Output the full listing below exactly, without the pictures.

DATA SEGMENT:

--- START ---

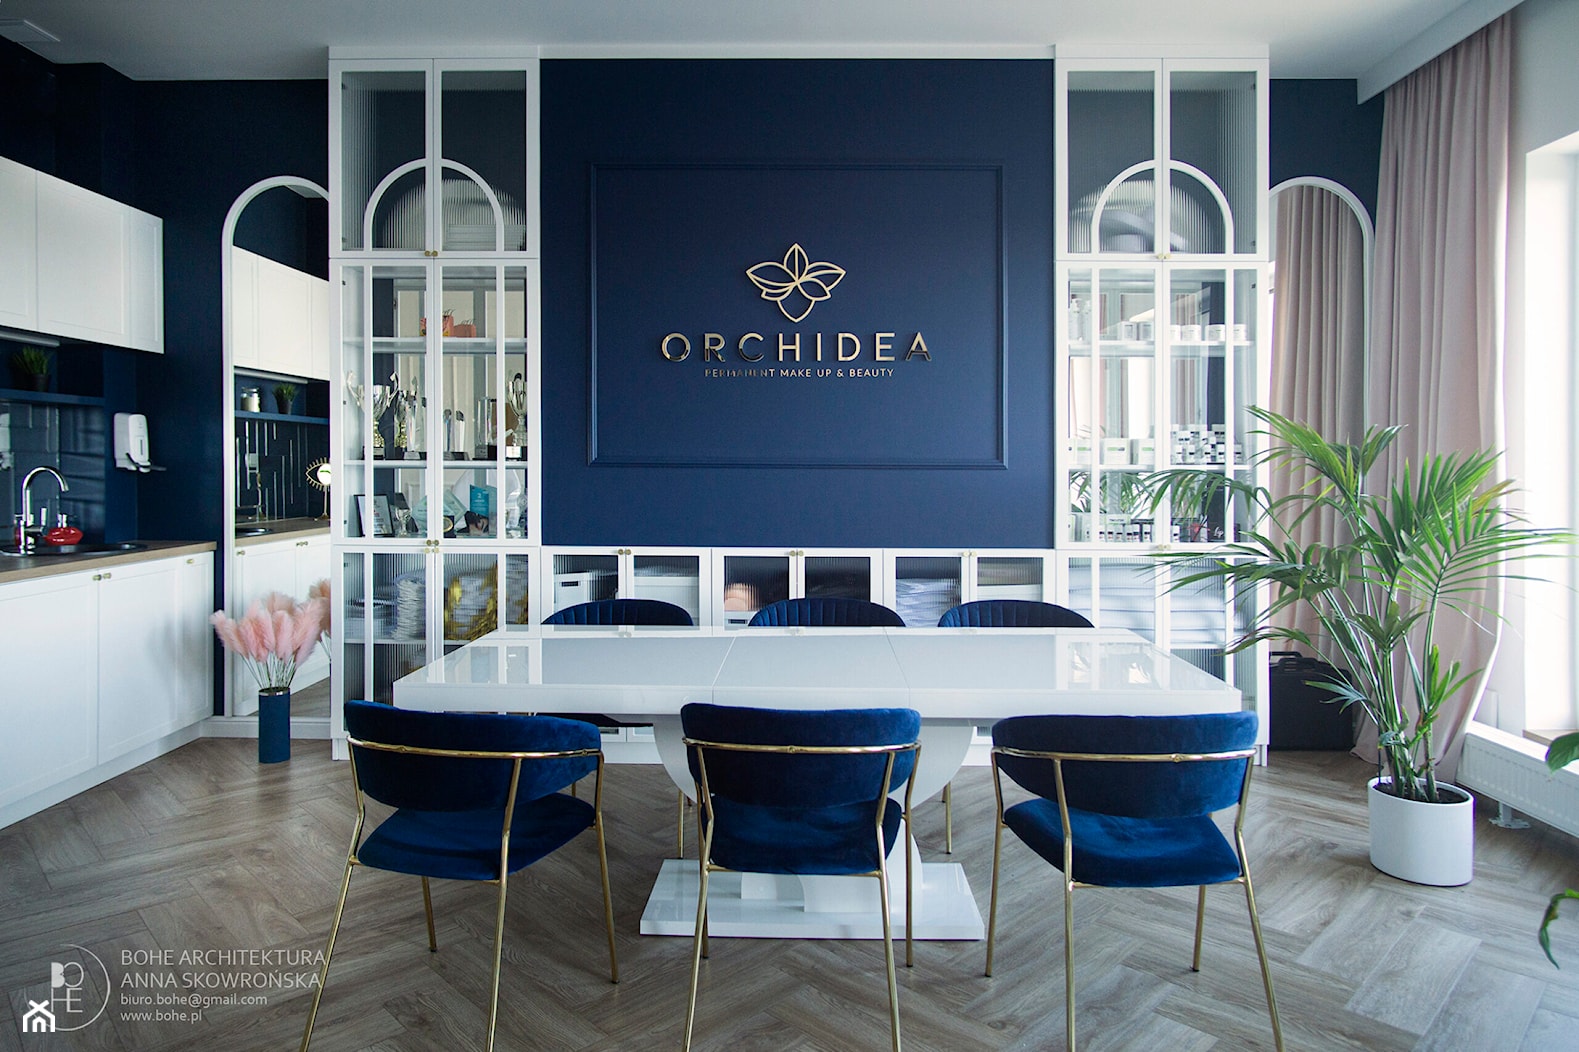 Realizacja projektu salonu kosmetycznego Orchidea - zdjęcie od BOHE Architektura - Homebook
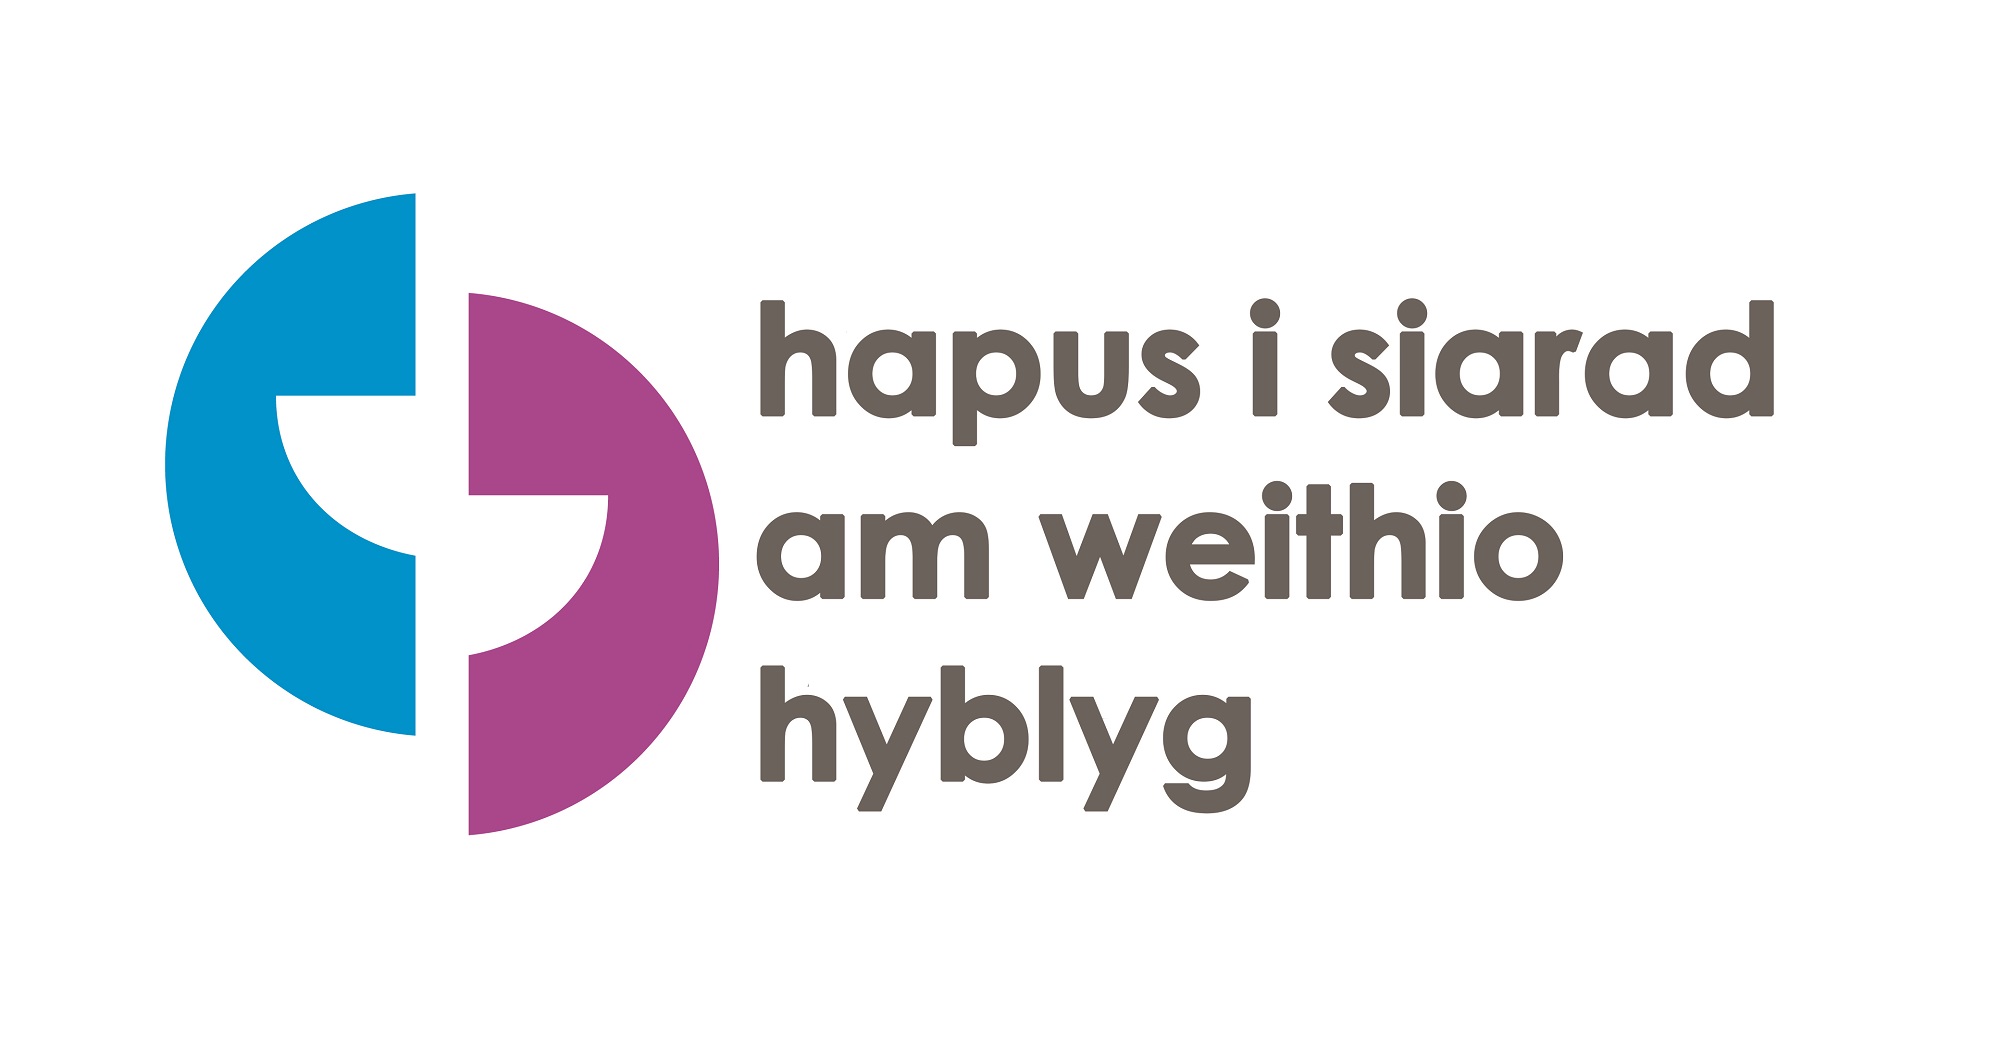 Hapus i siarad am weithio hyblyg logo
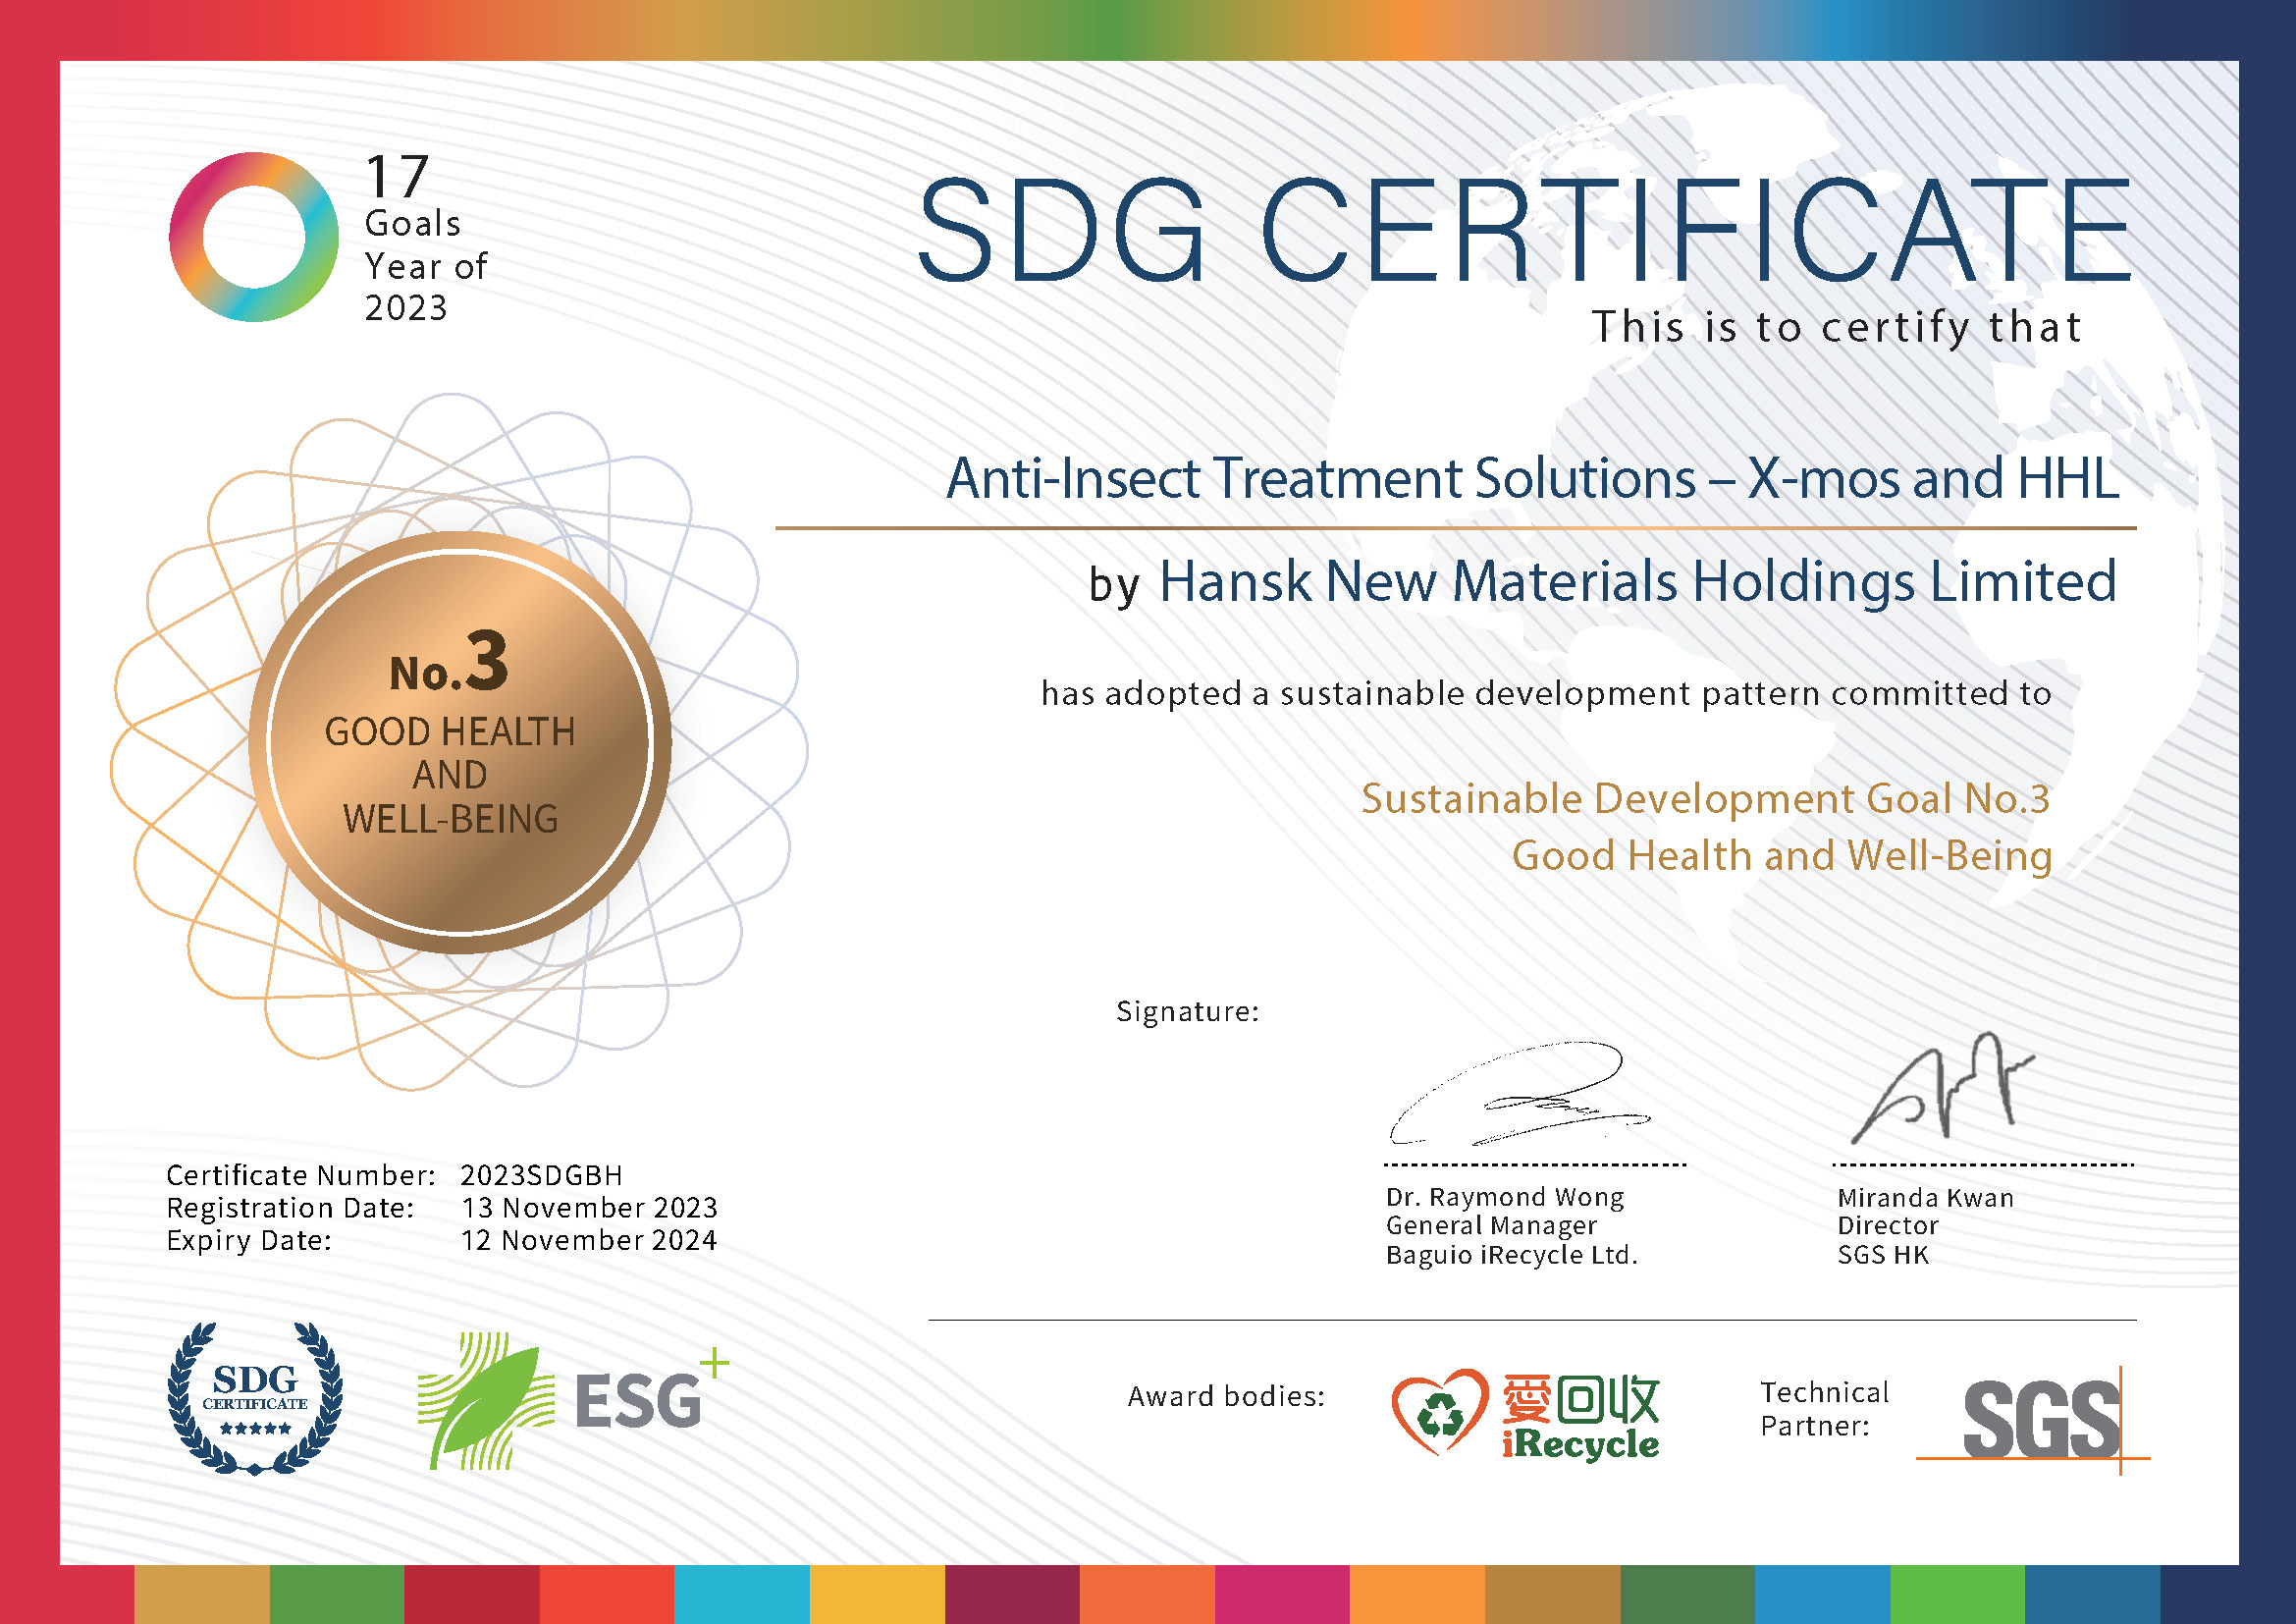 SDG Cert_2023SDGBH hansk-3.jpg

--- END ---

SOLUTION FOR THIS PROBLEM:
 Realizacja projektu salonu kosmetycznego Orchidea - zdjęcie od BOHE Architektura - Homebook
 Hapus i siarad am weithio hyblyg logo
 SDG Cert_2023SDGBH hansk-3.jpg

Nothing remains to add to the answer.